No — you must use your declared medium throughout each answer paper. Mixing languages within a paper is prohibited and can result in answers being ignored. The parenthetical technique (writing English terms in brackets within a Hindi answer) is the one permitted exception.
The UPSC Rule on Mixing Languages
The Civil Services Examination Rules state that candidates must write their answer papers in the declared medium. Using a different language within the same answer booklet is not permitted and carries real consequences:
- Answers that prominently mix languages may be marked zero by evaluators
- Persistent or systematic mixing is treated as a violation of examination conduct rules
- In extreme cases, the entire paper may be treated as violating the declared medium
Source: UPSC CSE Rules (Gazette of India, annual); UPSC FAQ section, upsc.gov.in
The Parenthetical Technique: The One Permitted Exception
Writing an English technical term in parentheses after its Hindi or regional language equivalent is universally accepted and is standard practice among Hindi-medium toppers.
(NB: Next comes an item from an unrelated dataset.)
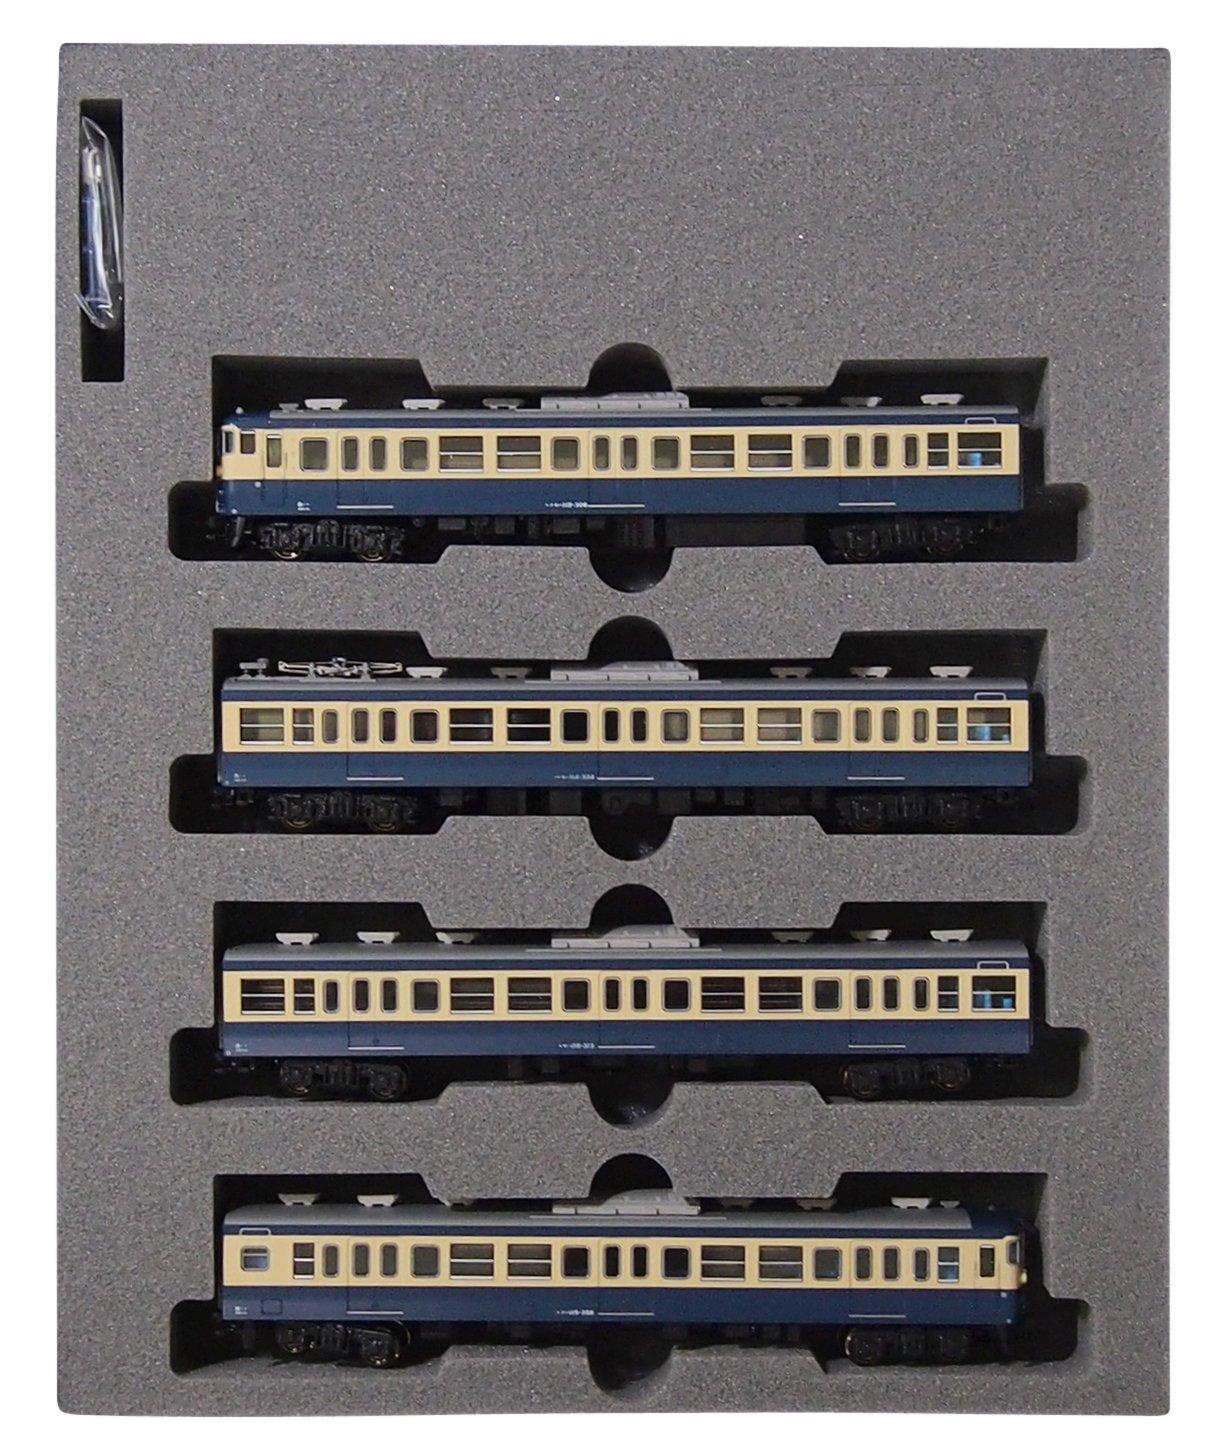 de calibre N 10-1272 115-basado de la serie 300 de color Yokosuka cuatro coches juego de la hematopoyesis

This is not considered mixing — it is considered a documentation aid.
How to do it correctly:
| Situation | Correct usage | Incorrect |
|---|---|---|
| First use of GDP | सकल घरेलू उत्पाद (GDP) | Writing entire sentences in English |
| First use of Fiscal Deficit | राजकोषीय घाटा (Fiscal Deficit) | Switching to English mid-paragraph |
| First use of MPC | मौद्रिक नीति समिति (MPC) | Answering the entire question in English when declared Hindi |
| Subsequent uses | Use Hindi term alone, or just the acronym | Repeating the bracketed form every time (not required) |
Key constraint: Keep parenthetical English to genuinely technical terms only. Do not write phrases, policy explanations, or arguments in English within a Hindi answer — only proper nouns, internationally recognised acronyms, and terms with no accepted Hindi equivalent.
Can Different GS Papers Use Different Mediums?
The UPSC rules specify a single medium for the entire Mains examination, not on a per-paper basis. Some older UPSC circulars were ambiguously worded, but the current standard UPSC guidance is clear: one medium applies to all GS papers and Essay.
Changing medium between GS Paper I and GS Paper II (or any other merit paper) is not recommended. Evaluators flag such inconsistencies during central scrutiny.
Recognised Exceptions That Are NOT Mixing
| Paper | What language | Why it's not a violation |
|---|---|---|
| Paper A (Indian Language, qualifying) | Your chosen Eighth Schedule language | Separate paper, separate medium declaration |
| Paper B (Compulsory English, qualifying) | English | Mandatory for all; not part of your 'main medium' |
| Literature Optionals (e.g., Hindi Lit, Tamil Lit) | The literature language | Recognised exception under UPSC rules |
| Optional paper for technical subjects | English (if your GS medium is Hindi) | Permitted: GS in Hindi + Optional in English is allowed |
Practical Worked Example
Scenario: Rohan has declared Hindi as his medium. In GS Paper III (Economy), the question asks about 'fiscal federalism and GST architecture.'
Correct approach: Write the entire answer in Hindi. On first mention of GST, write 'वस्तु एवं सेवा कर (GST)'. On first mention of fiscal federalism, write 'राजकोषीय संघवाद (Fiscal Federalism)'. Use these Hindi terms throughout, with the English form only in parentheses on first use. Do not switch to English sentences at any point.
Incorrect approach: After two paragraphs in Hindi, write: 'The GST Council has 33 members including Finance Minister of each state. Article 279A establishes it.' — This switches to English mid-paper and violates the medium rule.
Mentor Tips
- Develop your Hindi vocabulary list before Mains. Create a personal glossary of 200–300 technical terms with Hindi equivalent + English in parentheses. Drishti IAS publishes a free Hindi technical glossary (Shabd Kosh).
- Practise writing entire answers in your medium under timed conditions — this builds muscle memory and prevents mid-exam language slippage.
- Never leave a technical term untranslated without the parenthetical — evaluators may not know the Hindi form of obscure technical terms and may mark the answer down for confusion.